The bulk of business intelligence (BI) applications have focused on tools for aggregating and analyzing information in conjunction with data warehouses. This approach can help steer business at a strategic level but does little to improve business operations at a tactical level.
Think like a venture capitalist
Mike Gualtieriprincipal analyst, Forrester Research
"IoT analytics is no longer something that happens outside of the application architectures," Gualtieri said. "It becomes part of your application infrastructure. There is a need for an advanced analysis engine that is part of your applications infrastructure and platform"

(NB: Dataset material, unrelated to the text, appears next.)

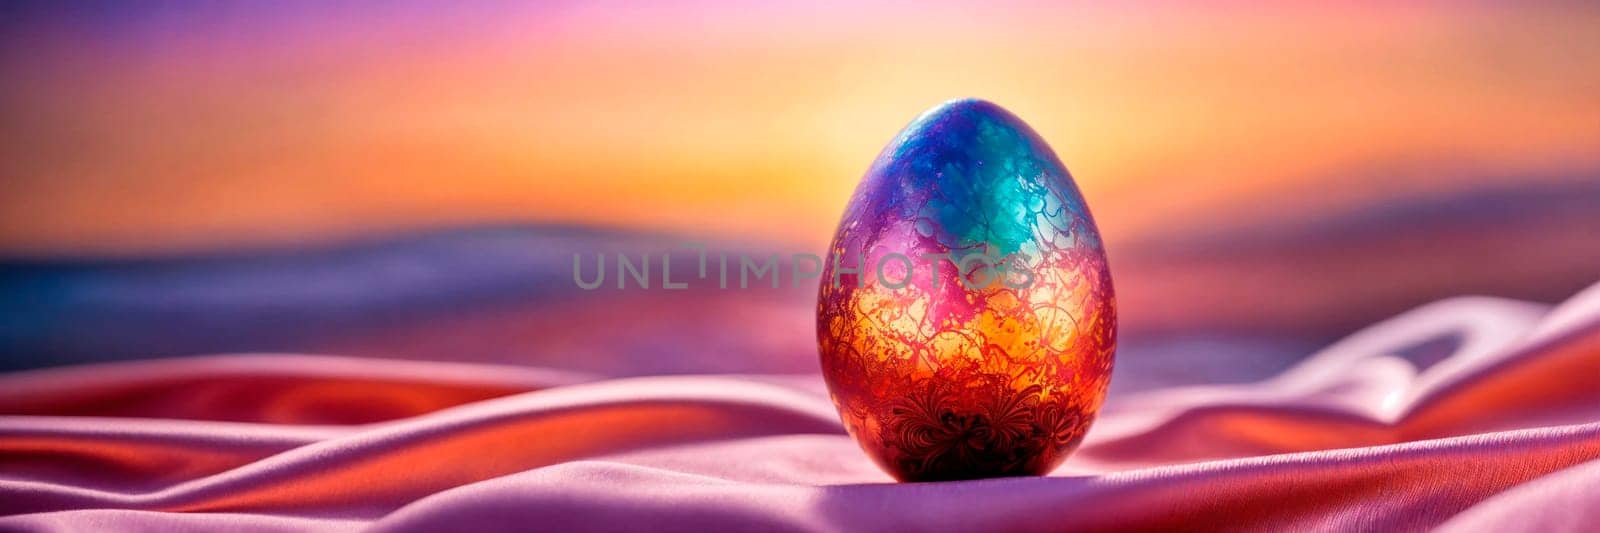 holographic Easter eggs on a shiny background. Selective focus. by yanadjana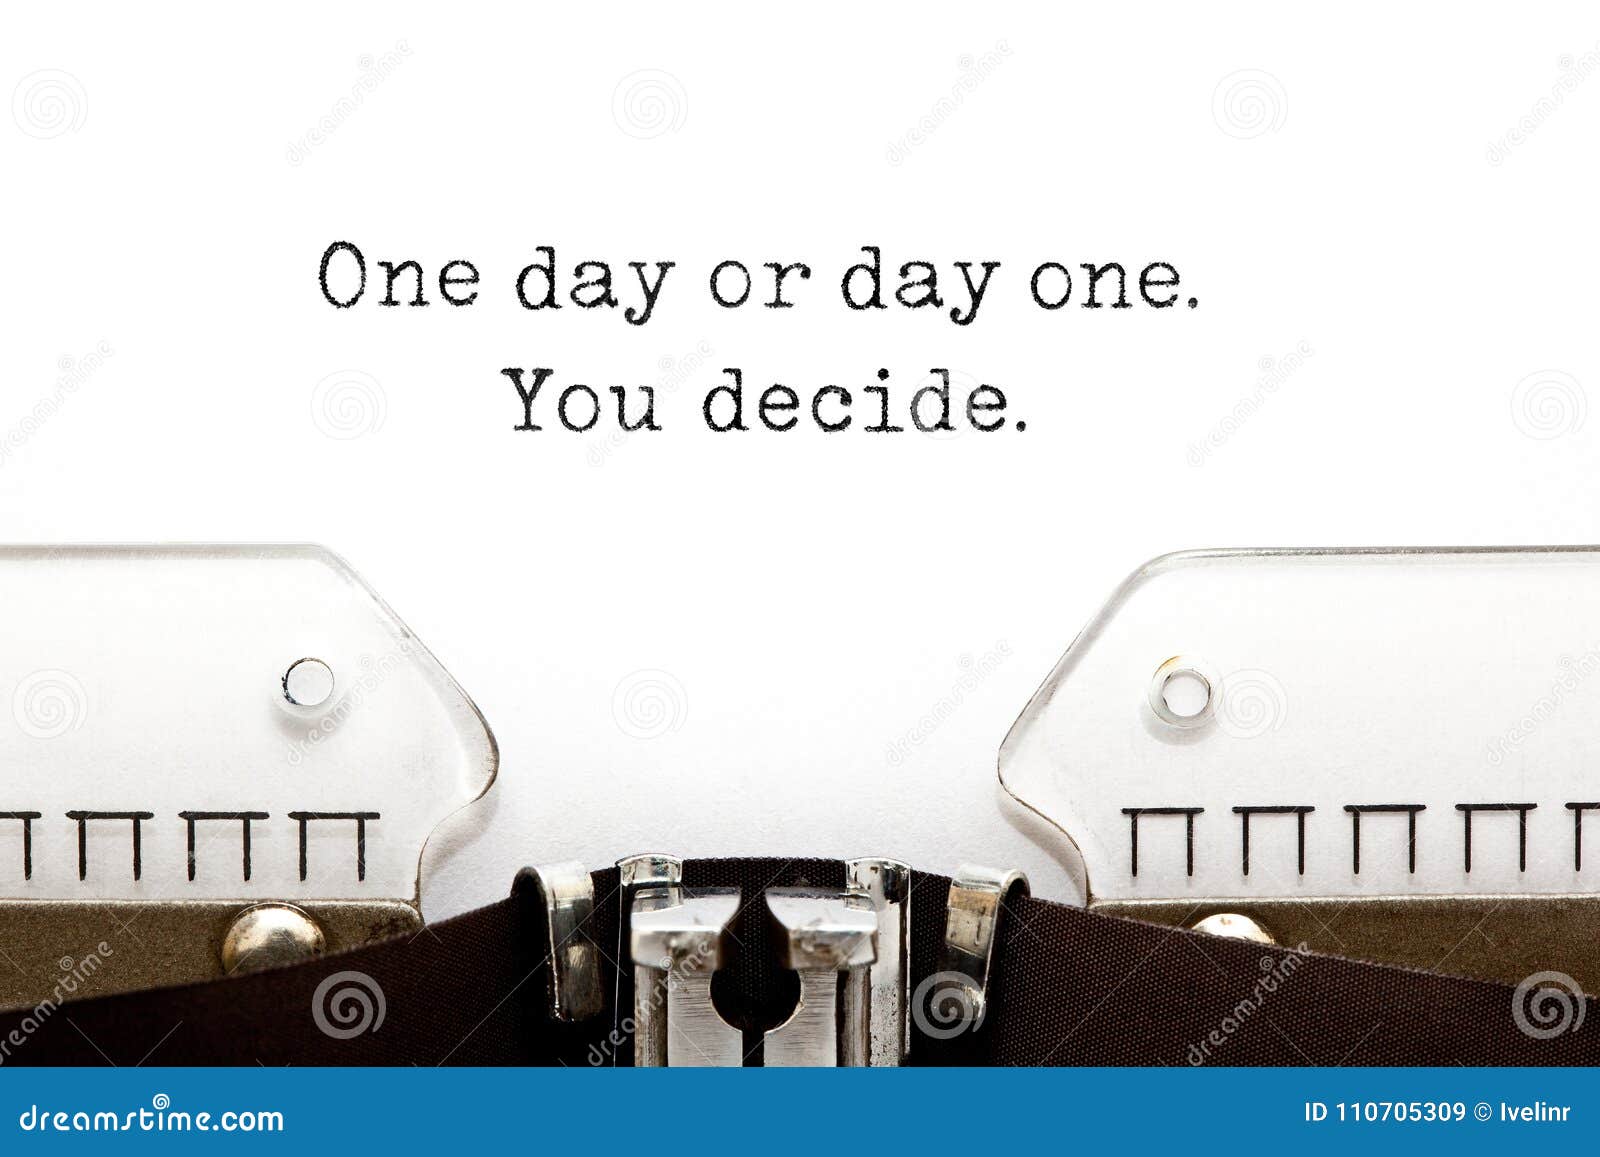 one day or day one you decide on typewriter

The use of proactive analytics tools is relatively immature and many organizations don't know how they are going to derive value from them. Consequently, enterprise architects should think about how to flexibly try out new ways of linking together these proactive analytics tools to test out new business processes. "Enterprises need to think more like venture capitalists that invest in a lot of small companies or applications," Gualtieri said. "This is a different way of thinking for companies that want to know the [return on investment] before investing."
Use it or lose it
Traditional BI applications can be bolted on using data warehousing techniques after the fact. But proactive analytics tools need to be woven into the applications and their APIs to be effective. IoT devices like heart rate sensors, activity trackers and automotive sensors are generating enormous amounts of data that can be woven into new applications.
For example, Spotify recently implemented a feature to match songs to a user's run cadence. Other developers are looking at applications that can leverage tire slippage data from cars to alert other drivers to hazardous road conditions.
One of the challenges with leveraging real-time data is that it has a shelf life of value. A service for sending coupons to consumers based on GPS data is far less valuable after they have left the area. Similarly, a fraud detection algorithm does little good after the fact. These kinds of use cases require real-time streaming analytics capable of triggering business processes within tightly defined windows.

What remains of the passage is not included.